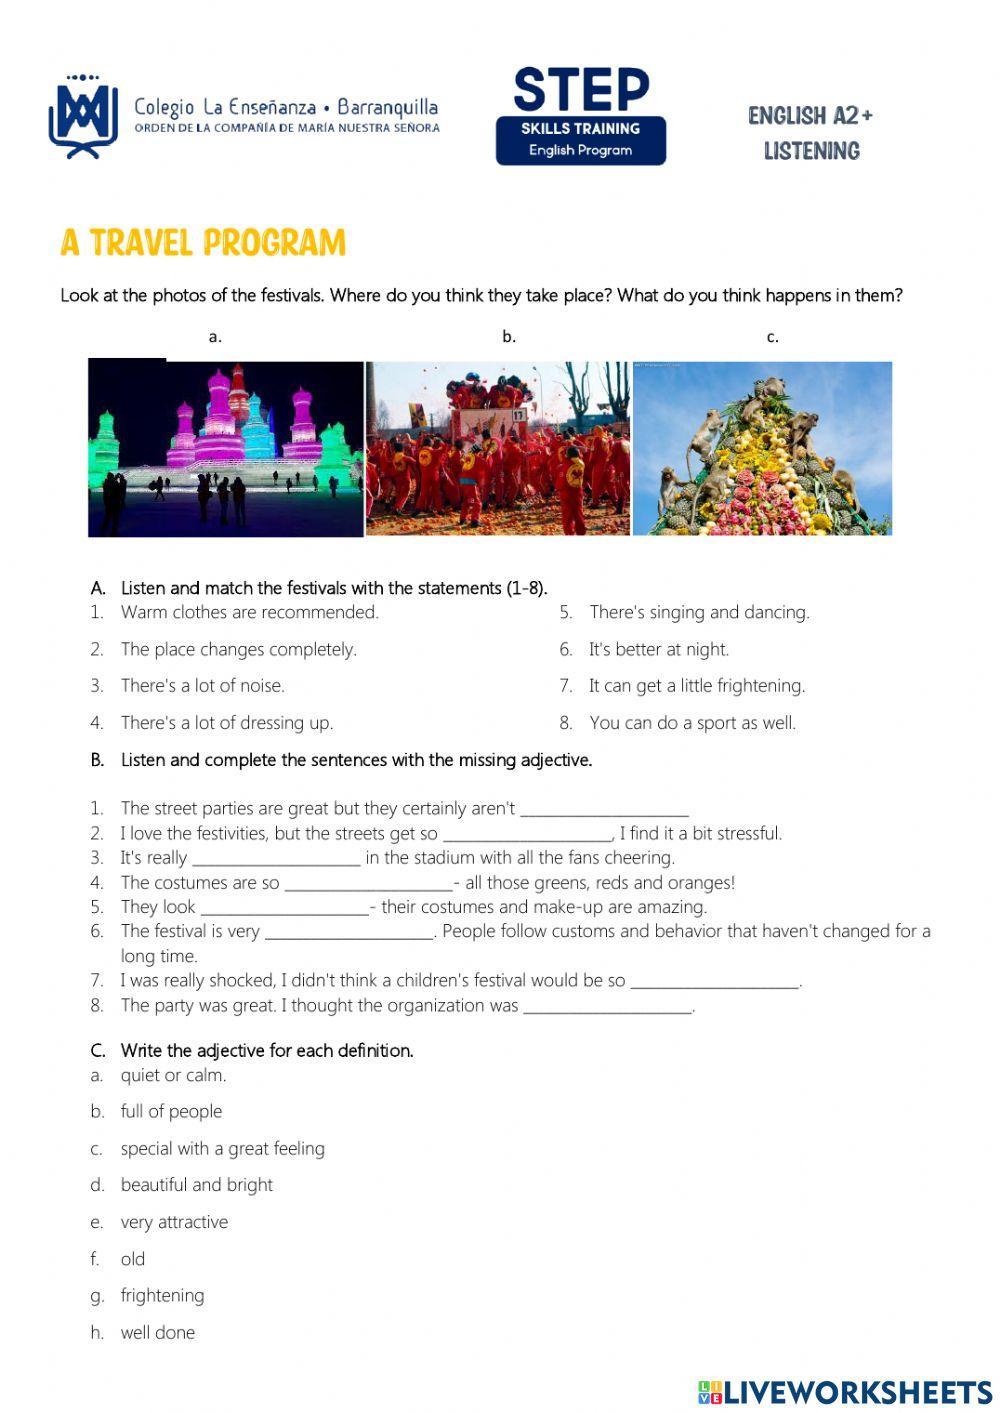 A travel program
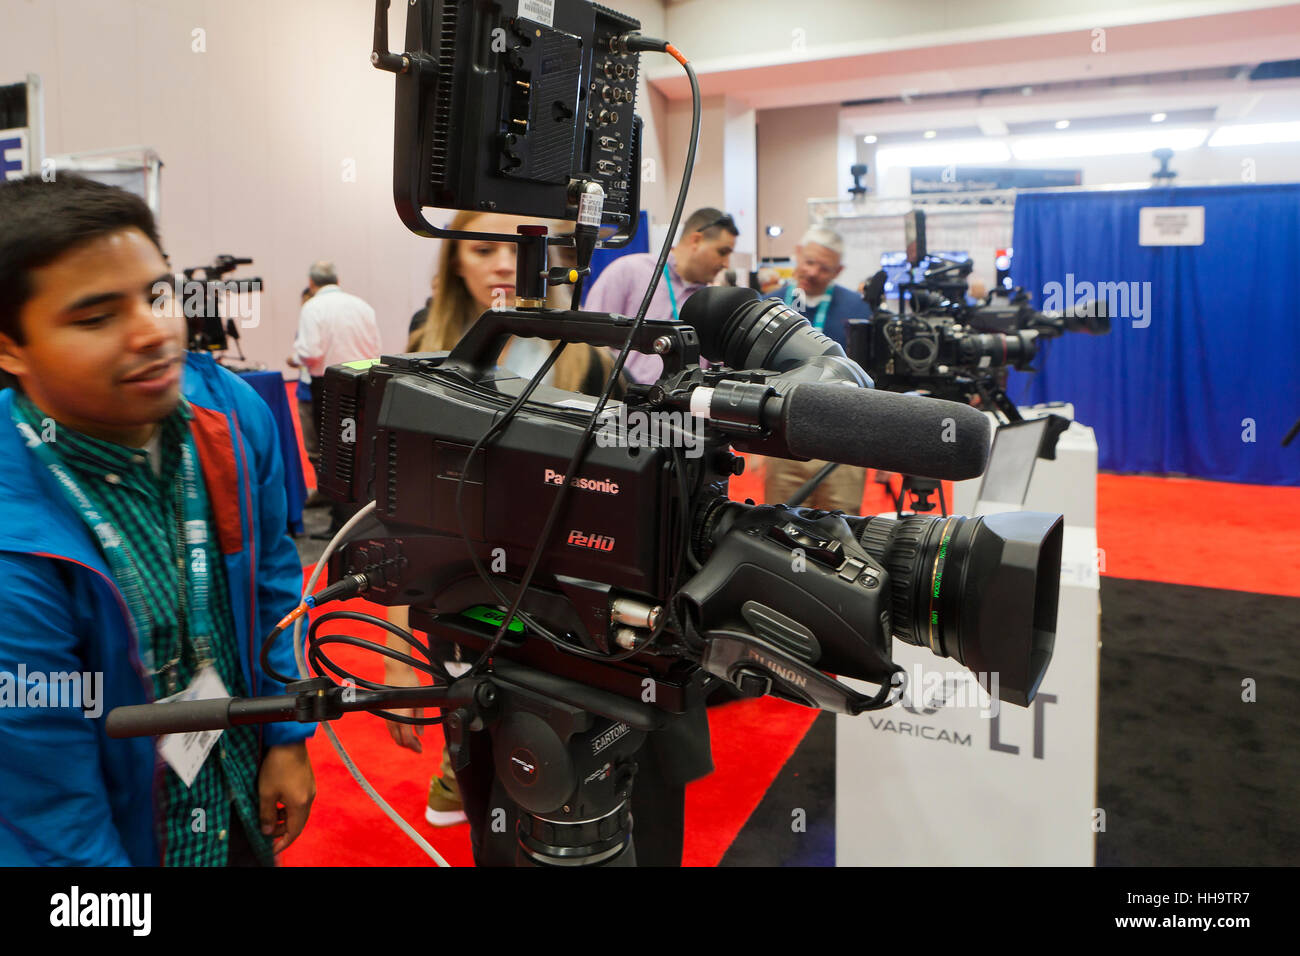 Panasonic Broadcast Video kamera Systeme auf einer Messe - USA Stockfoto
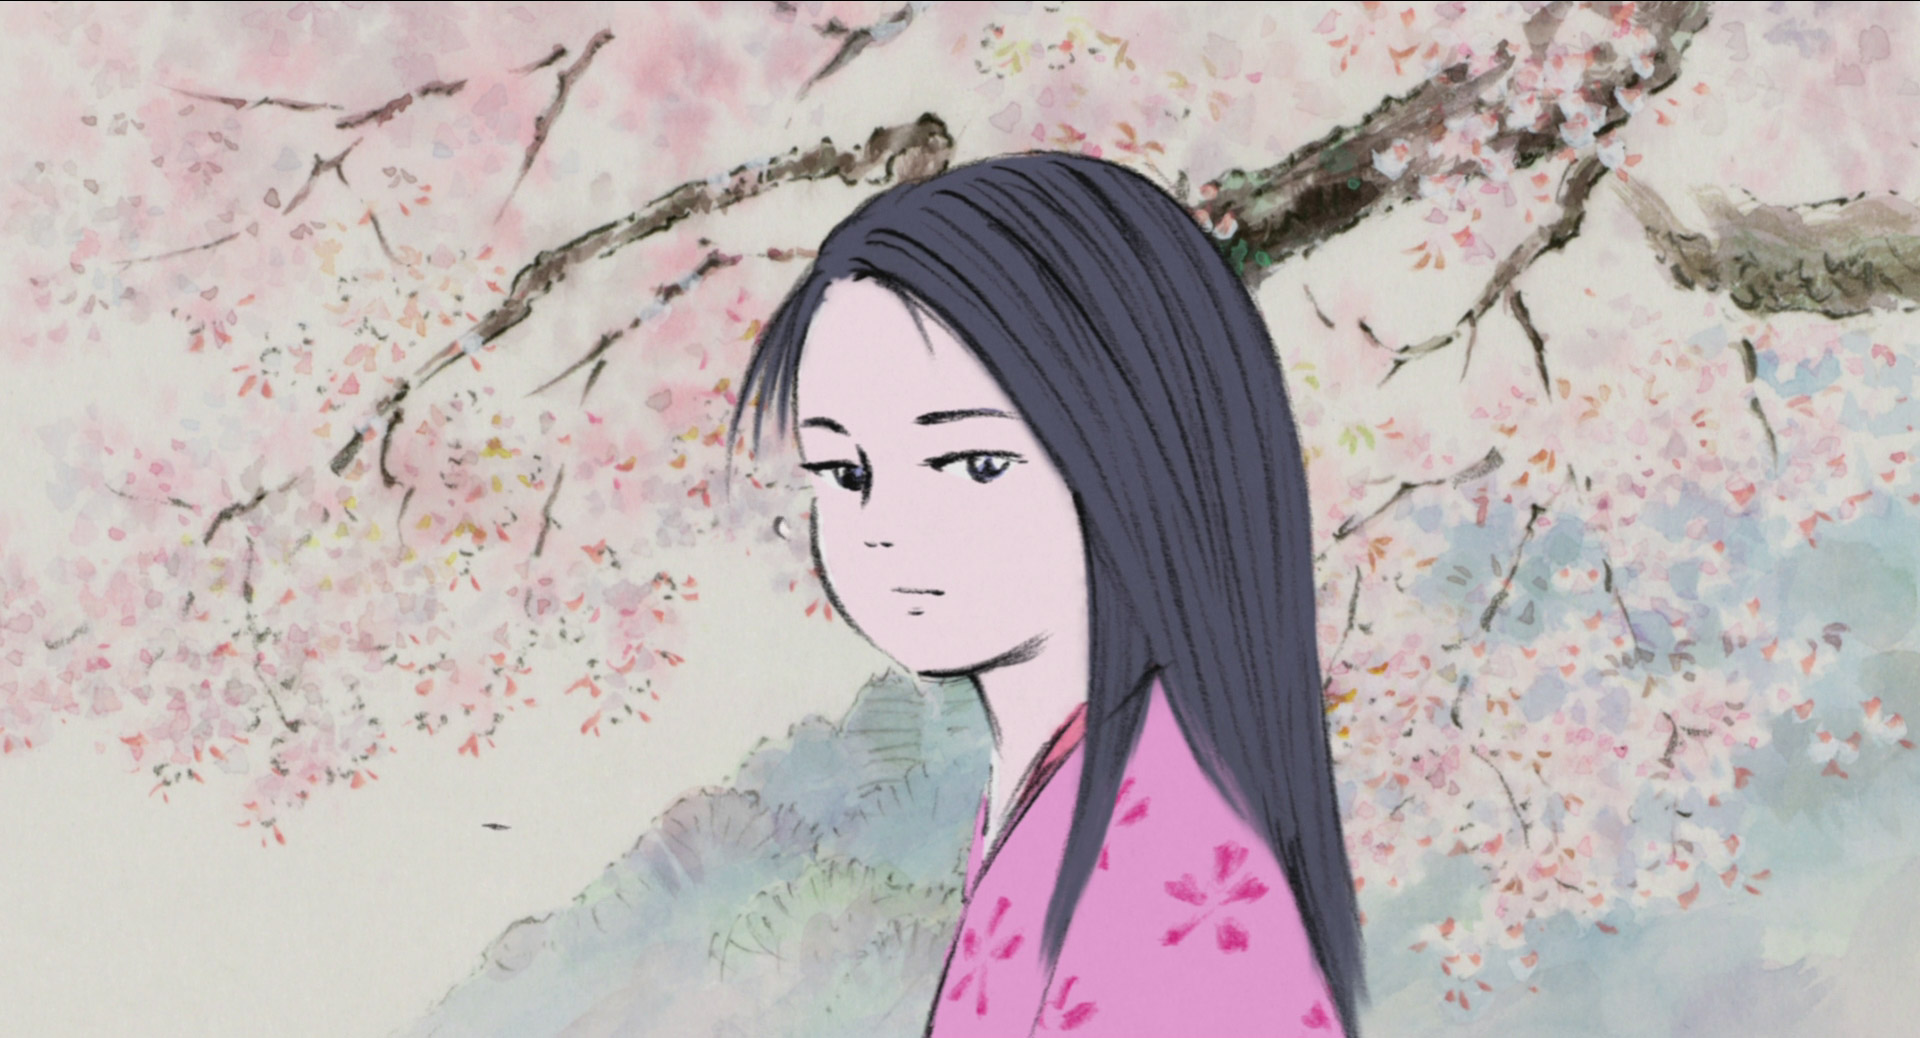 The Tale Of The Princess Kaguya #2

_ _ _ _

Line by line, reproduce exactly the lines from the one containing "Panasonic Broadcast Video" through the final line of the material, both included, leaving every picture out.

* **TASK RESPONSE**:
 Panasonic Broadcast Video kamera Systeme auf einer Messe - USA Stockfoto
 The Tale Of The Princess Kaguya #2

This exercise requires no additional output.